Rutledge made the call, then ran up and started banging on a door.

A woman opened it and said there were two apartments on the second floor, and three or four people lived there.

Rutledge rushed to the stairs. They were filled with smoke. He had no protective gear, no air tank. So he crawled up the stairs under the smoke. He got more than halfway, but had to turn back.

“It was too smoky,” he said. “I couldn’t breath.”

When Rutledge had called 9-1-1, he had been put on hold because dispatchers were busy with other calls. As far as he knew, firetrucks hadn’t been dispatched. That meant it was up to him to try to do something.

He ran outside and saw a man on the roof. The man said his mother and sister were inside. The man said he was going to crawl back into the burning building, but Rutledge persuaded him to jump to safety.

At this point, the first-floor tenants had escaped.
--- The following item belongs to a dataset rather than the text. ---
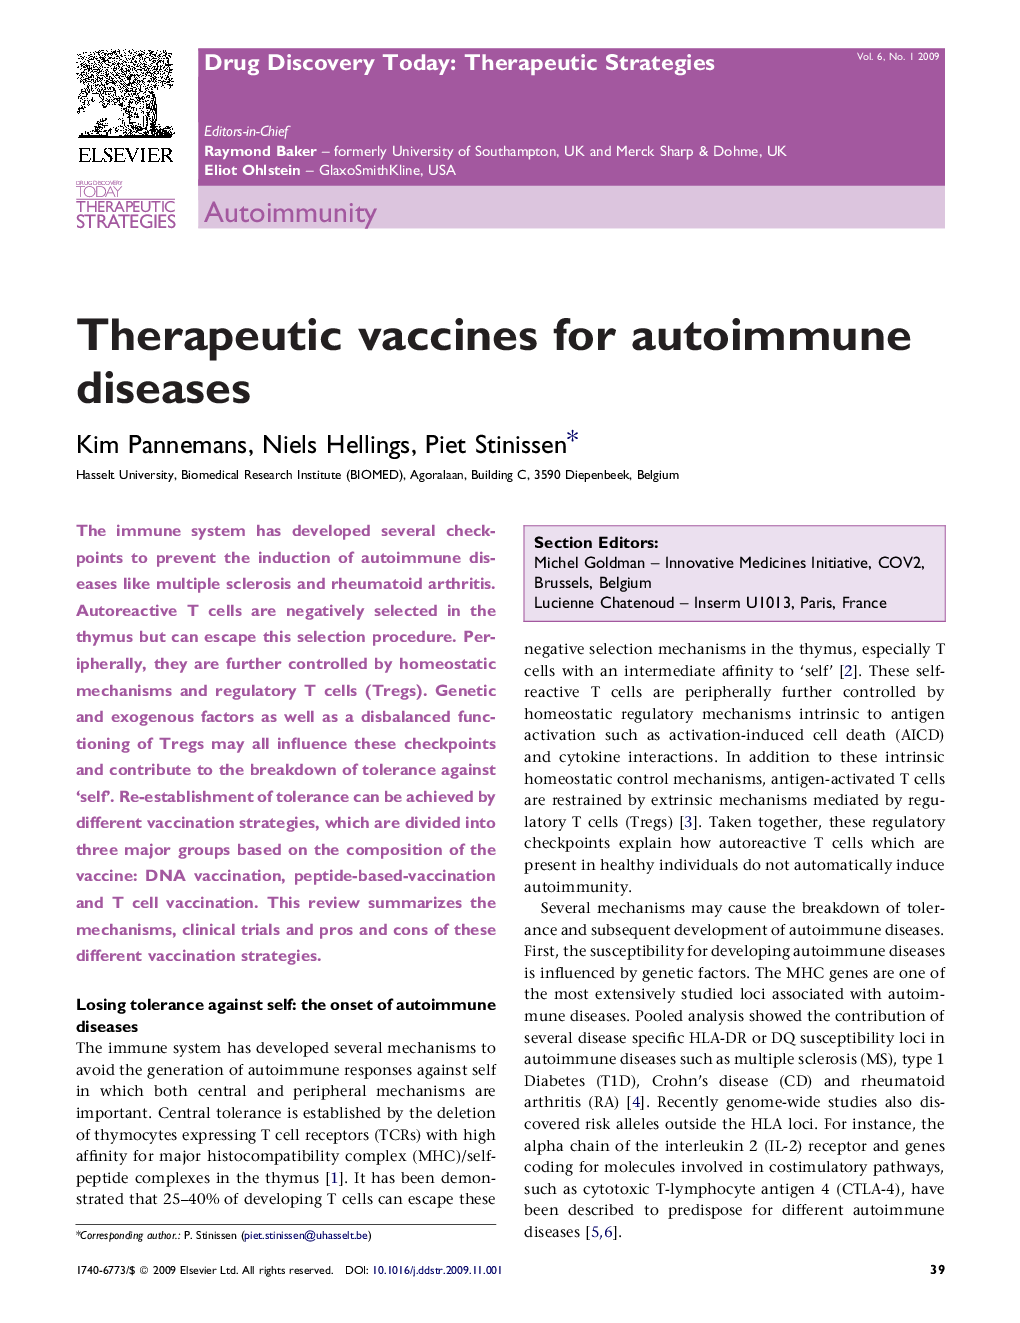 Therapeutic vaccines for autoimmune diseases

Rutledge ran around back to see if he could find the two women who lived upstairs.

“I’m yelling for them, looking for a ladder,” he said.

He finally got through to 9-1-1.

The women, meanwhile, dashed down the stairs to safety.

“They were coughing,” he said.

But they were OK.

The fire crews arrived and put out the fire and found the body of a man who lived in the other second-floor apartment.

The Oregon state medical examiner’s office did not release his name Sunday night because his next of kin had not been notified.

Investigators believe the fire probably started accidentally in the kitchen of the man who died.

Eric Lofgren, a Gresham battalion chief, estimated the fire caused about $200,000 damage to the building and contents.